Please reproduce the lines from the one containing "Mens New Fashion" through the end of the data below exactly as they stand, and omit all pictures.

====

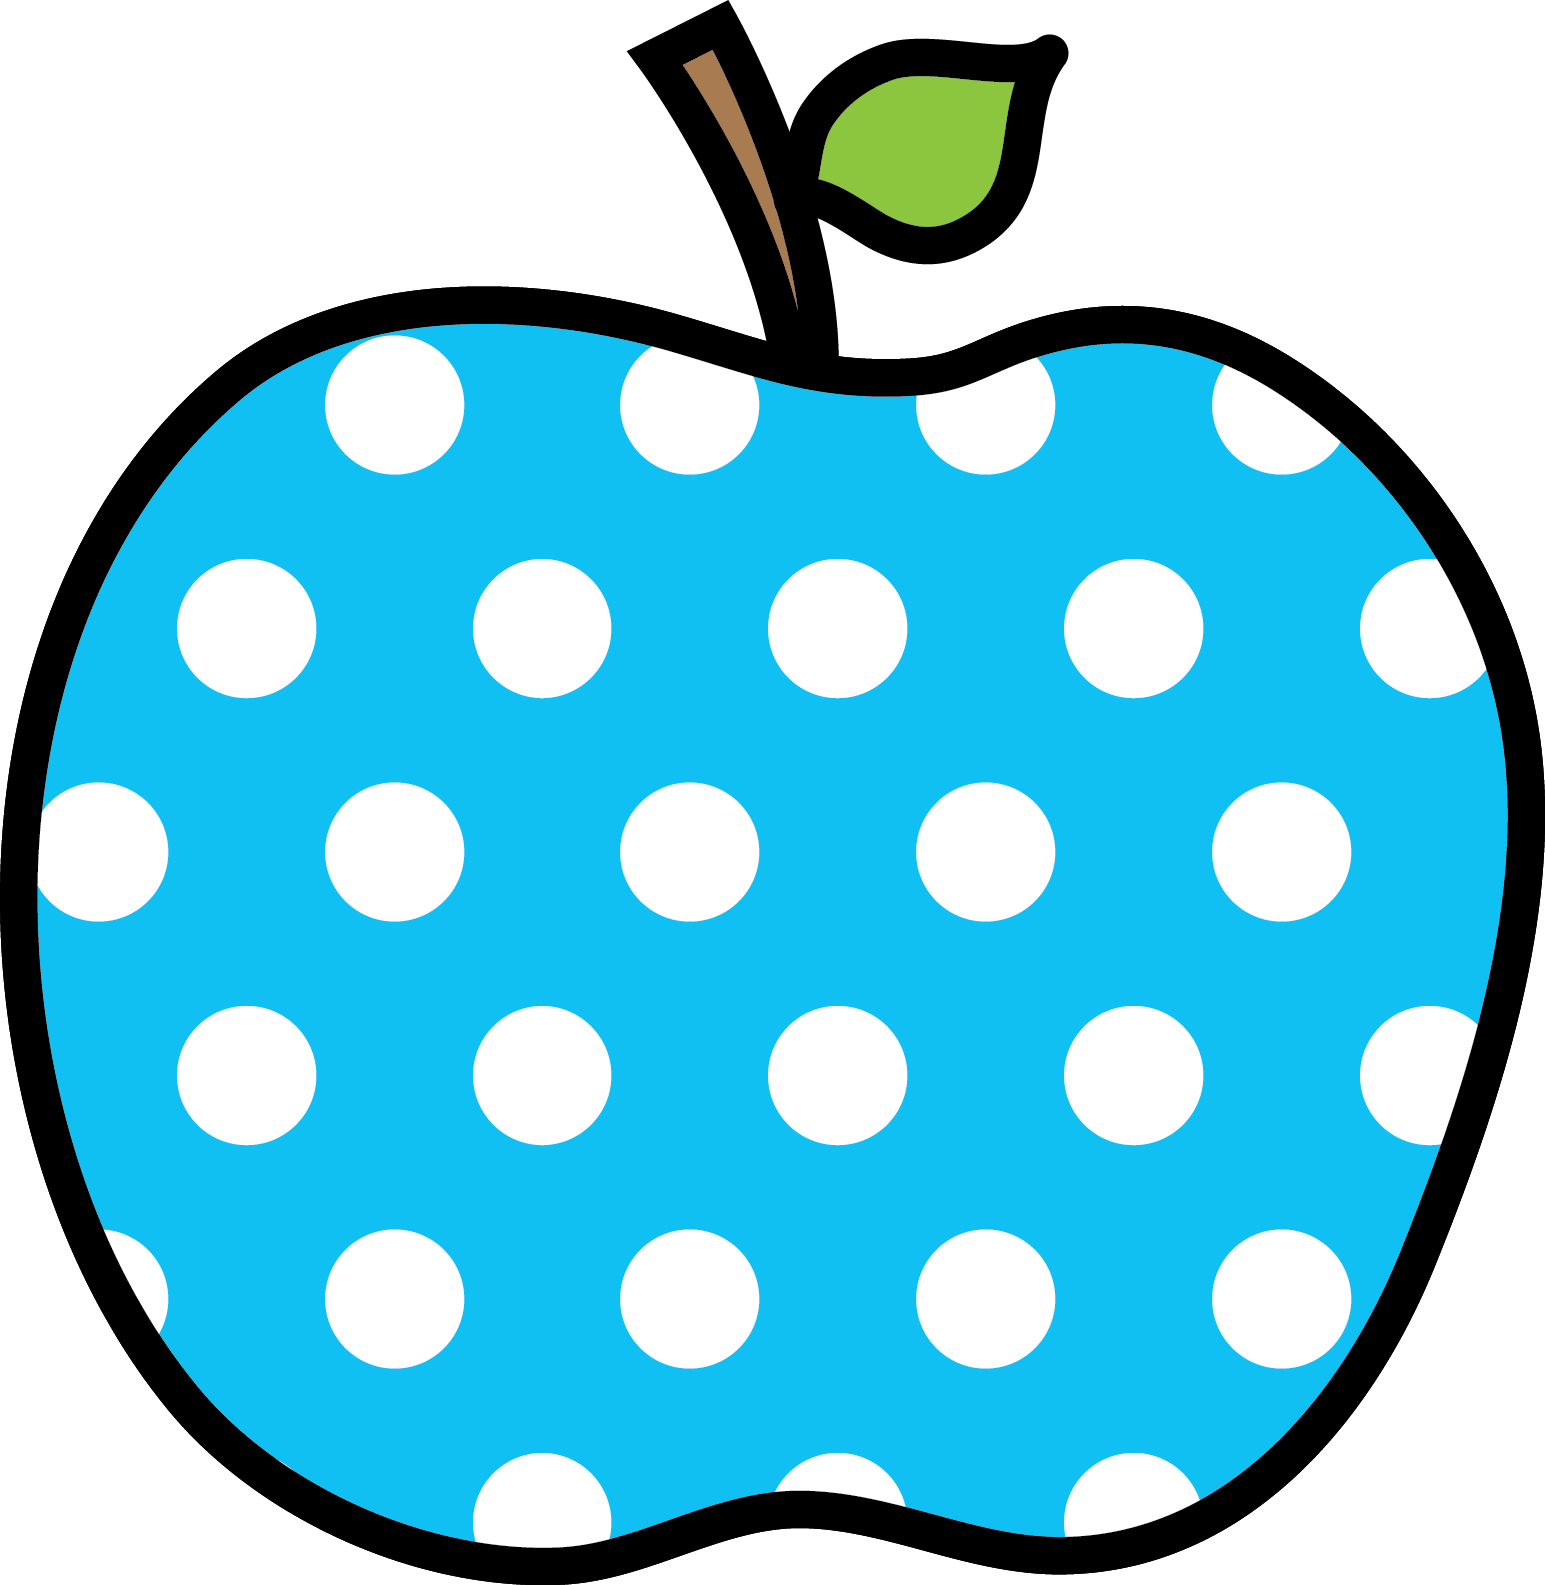 Apples polka dot
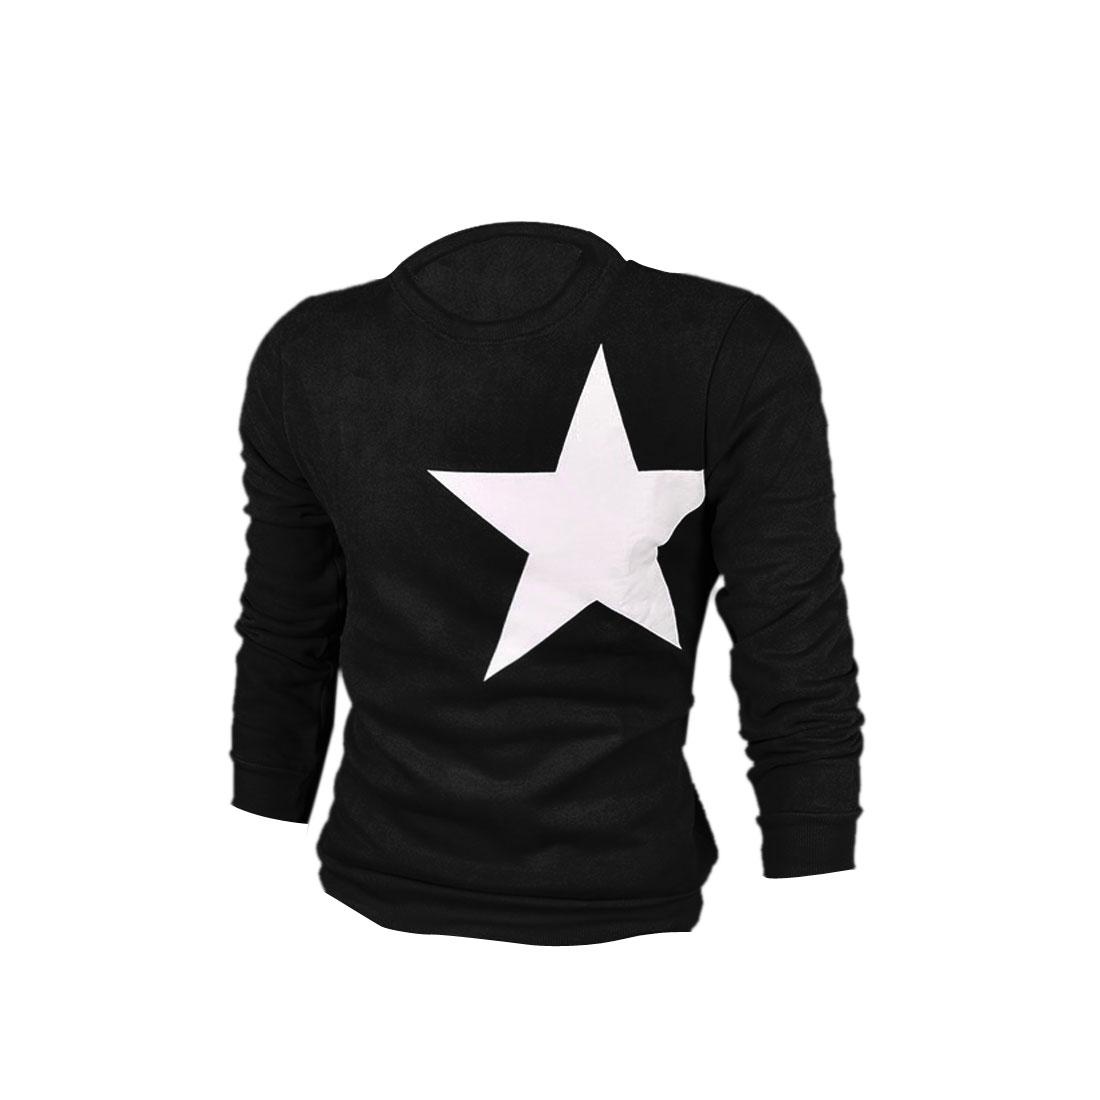 Mens New Fashion Round Neck Long Sleeve Star Pattern Black Sweatshirt L
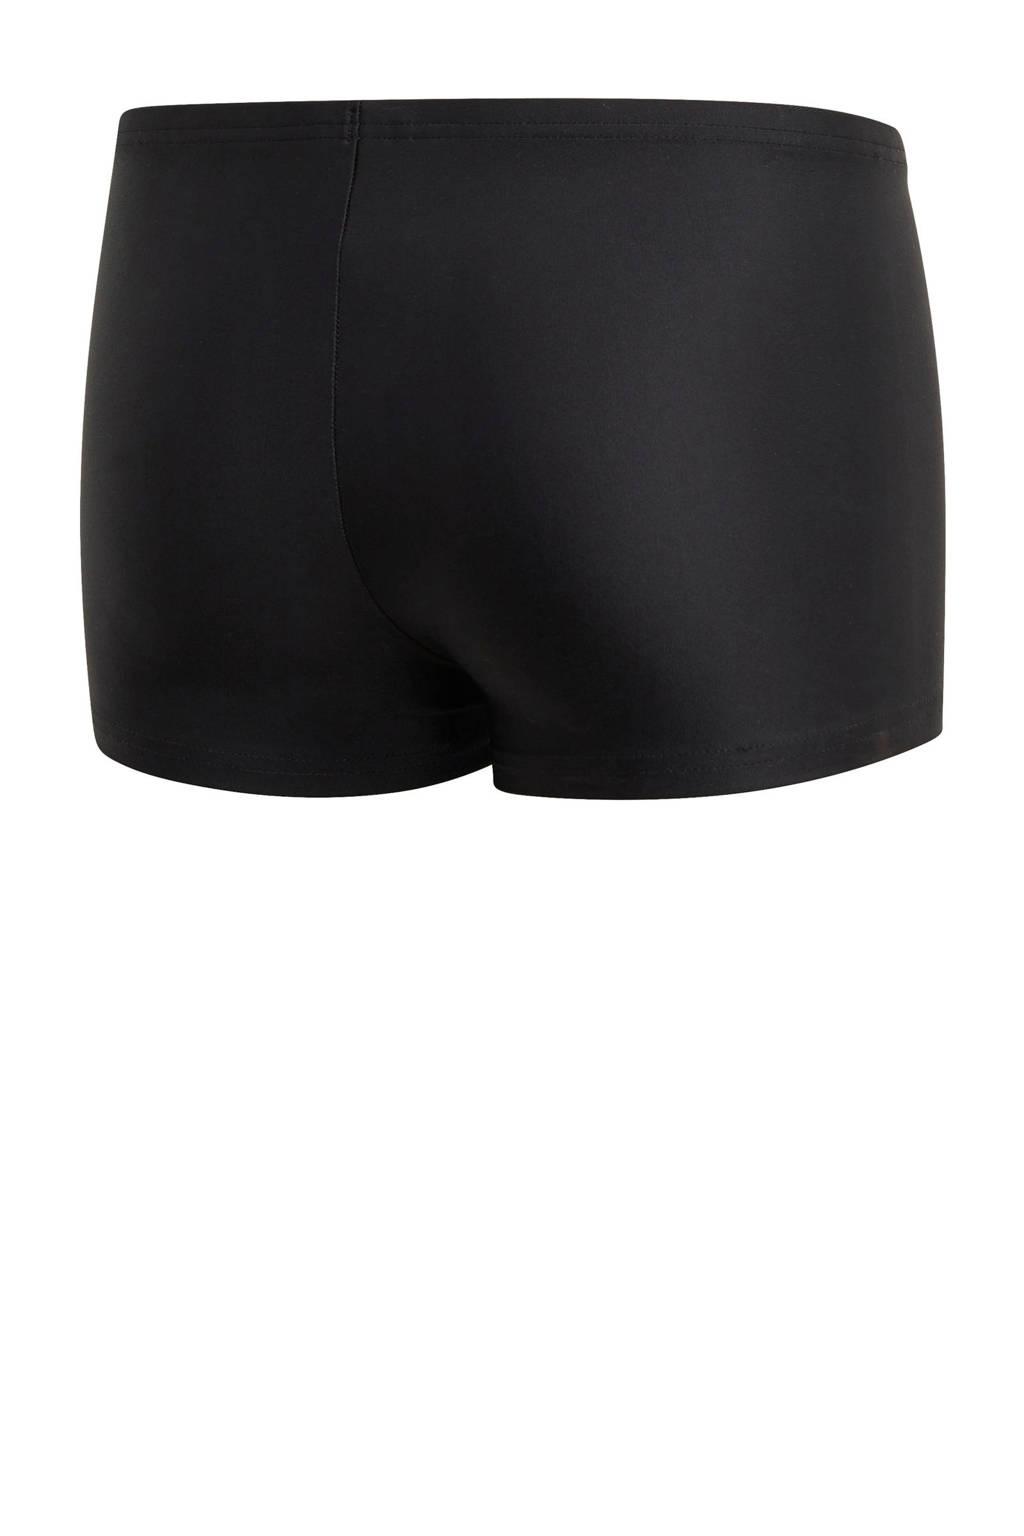 adidas Performance zwemboxer zwart, Zwart / Blauw
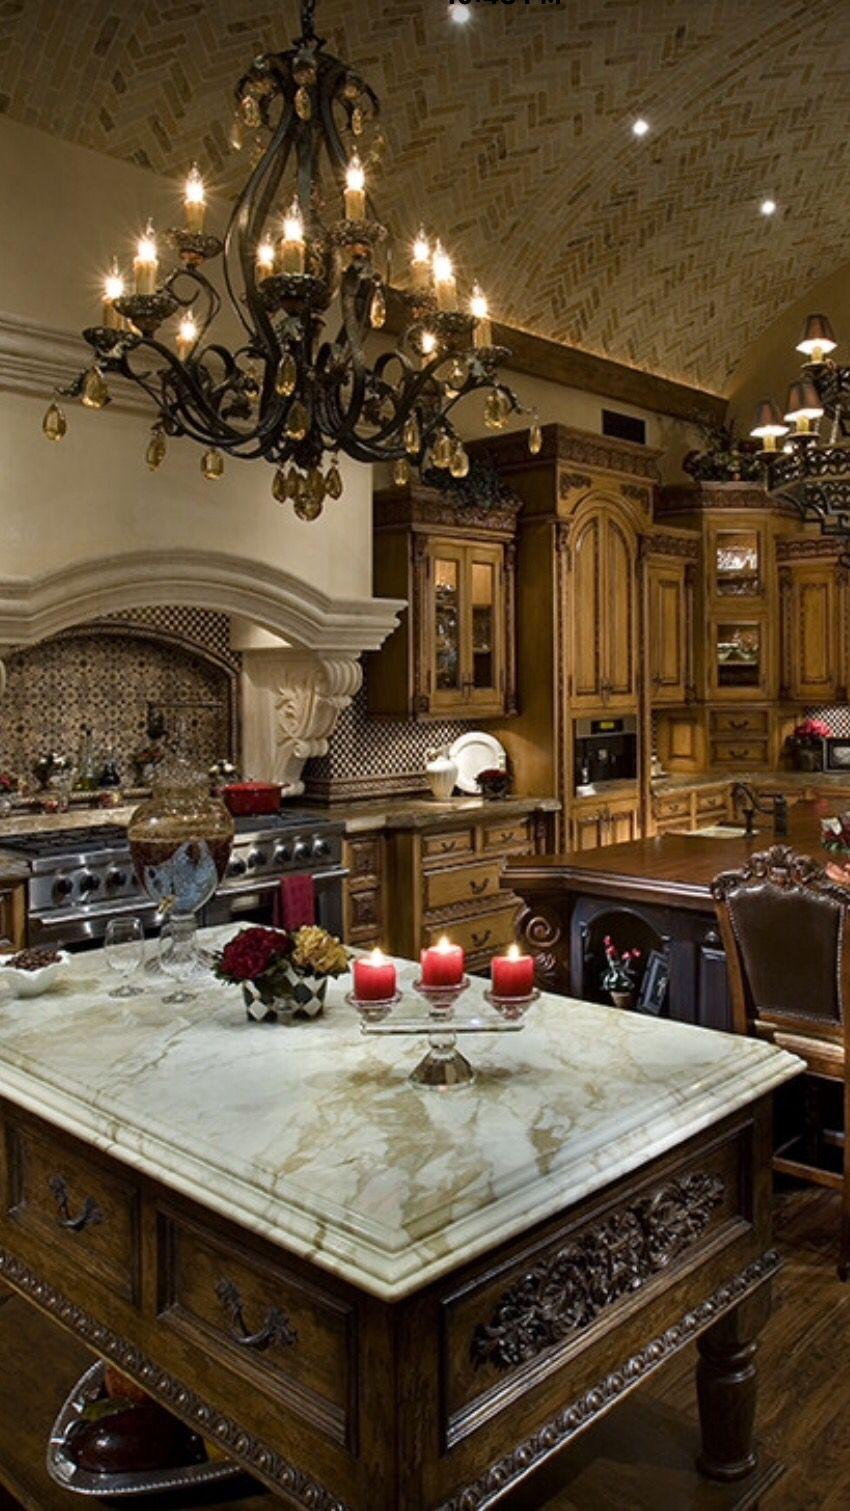 luxury interior design via houzz luxurydotcom kitchens with images luxury kitchens on kitchen interior luxury id=32197
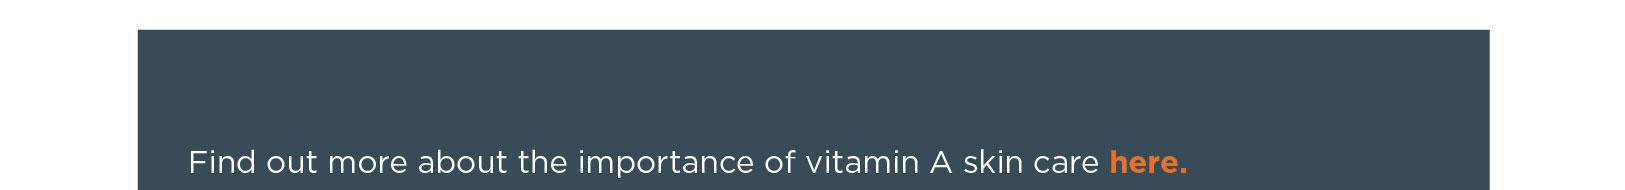 Vitamin-A Skin Care | Environ Skin Care
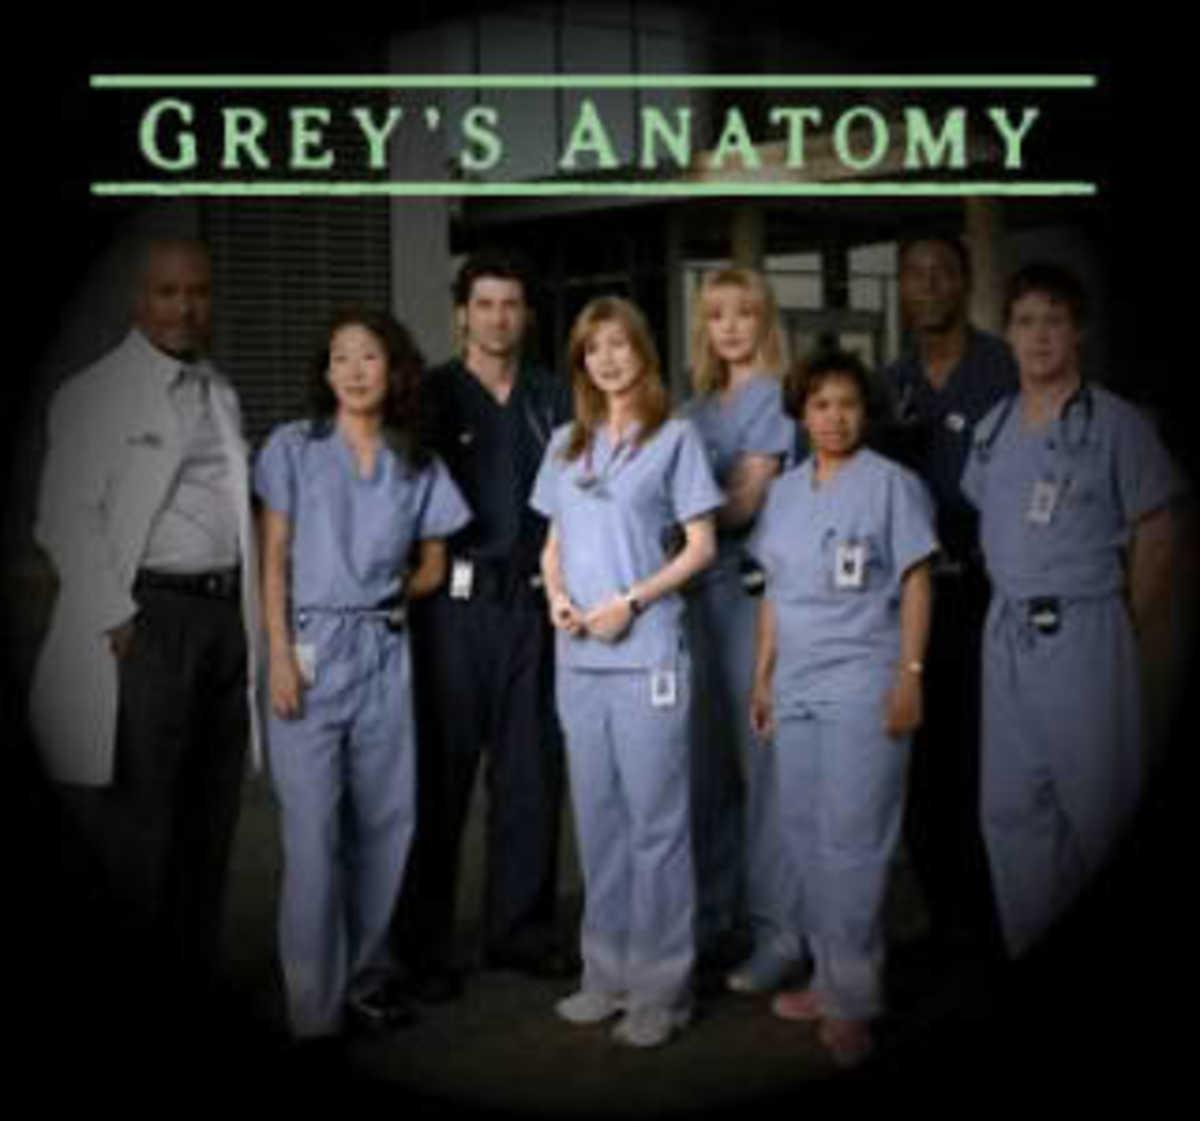 greys-anatomy-season-5-episode-12

====

WRITTEN ANSWER:
 Mens New Fashion Round Neck Long Sleeve Star Pattern Black Sweatshirt L
 adidas Performance zwemboxer zwart, Zwart / Blauw
 luxury interior design via houzz luxurydotcom kitchens with images luxury kitchens on kitchen interior luxury id=32197
 Vitamin-A Skin Care | Environ Skin Care
 greys-anatomy-season-5-episode-12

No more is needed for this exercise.